Читать книгу Матросские рассказы - Валерий Рощенко - Страница 12

7.

Оглавление

Внешний рейд Находки - залив Америка. Пестрота японских, канадских, панамских флагов. Из-за Сигнального мыса - кудрявой сопочки, прозванной Сопкой Влюбленныx - словно ткацкий челнок, выныривает бойкий белоснежный катерок с надписью вдоль борта “PILOT”, разматывает толстую нитку розовой кильватерной струи. Солнце всходит за горами, опоясавших рейд. Ослепительная радужная кайма на востоке слезит глаза, резко очерчивая застывшую зыбь каменного моря. Синими пирамидами Хеопса взрываются сопки Брат и Сестра. Бардово-малиновые тучи режутся об острые вершины, истекая кровью. Живописной чередой, точно груженые баржи, они тянутся над головой в район Рыбака; здесь превращаются в сине-зеленые хлопья – резкие мазки художника-импрессиониста. Город, раскинувшийся кустами-участками напротив, тоже в тени, плавится электрическими золотом. И вдруг на востоке, на гребне горы, растопыренный вихрь лучей сплетается в жгучий комок, хлещет по глазам, точно бичём, и начинает завоевывать мир, меняя его до основания.

Находка моложе Владивостока на пол века, она открыта и основана по тому же образцу – спасающимися от непогоды моряками. Поэтому и бухта – «Находка», и залив - «Америка». Чуть ли не «эврика»!

Современная частушка высвечивает несколько иные акценты:

Эй, Находка!

Пыль да водка!..

Впрочем, частушку не следует понимать буквально; возможно, она подчеркивает больше девственность, неблагоустроенность края, чем поголовное пьянство обитателей.

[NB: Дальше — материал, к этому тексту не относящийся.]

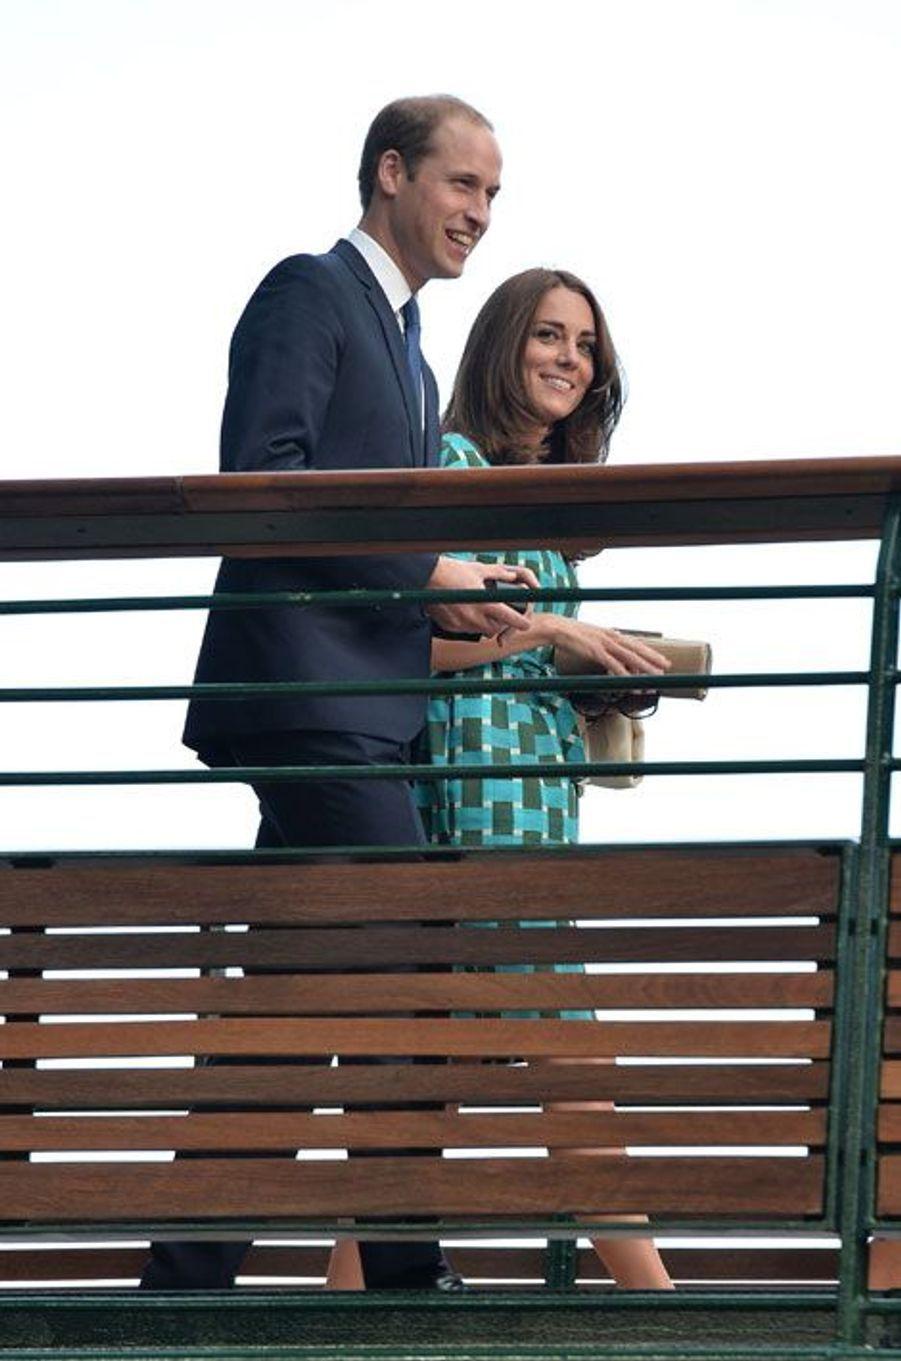 Fini le cyclisme pour le couple princier, place à Wimbledon, dimanche, pour la finale homme opposant Novak Djokovic à Roger Federer.

Вслед за катером подруливает буксир “Авача”, цепляет “Антарес” стальным концом за ноздрю клюза, тащит к обледенелой стенке причала под сень ажурных портальных кранов, дремлющих на ветру.

Первым в каюту заглядывает стивидор.

- Привет, второй!.. Бригадами обеспечены на все смены! – предупреждает он, видимо, для проформы. – Так что держись, браток!

Стивидор присаживается выкурить сигарету, расспрашивает, давно ли плаваю грузовым помощником, получил ли во Владике новые инструкции по правилам перевозки скоропортящихся грузов, потом узнаёт, какая погода в Японии, нет ли ста граммов опохмелиться и, попрощавшись, уходит на другое судно.

Портальные краны просыпаются на причале, начинают вызванивать и шевелиться, изгибая жирафьи шеи над разинутыми ртами трюмов. Начинается диалог погрузки: берег – море.

Часов в одиннадать в каюту без стука влетает грузоотправительница, разбитная девушка-кореянка. Она просит показать карго-план. Я разворачиваю громадный лист грузового плана, представляющий судно в разрезе; объясняю, куда какая партия груза идёт:

- Во второй трюм в первую очередь - бочки с вином. Потом – масло и сыр. В общем, закуска сверху!.. В первый трюм - говядина внавалку. Все - для Сахалина, в Холмск...

- Кто бы что, а я не против! - озорно сверкнув черной молнией раскосых глаз, шустрая грузоотправительница выбегает на палубу.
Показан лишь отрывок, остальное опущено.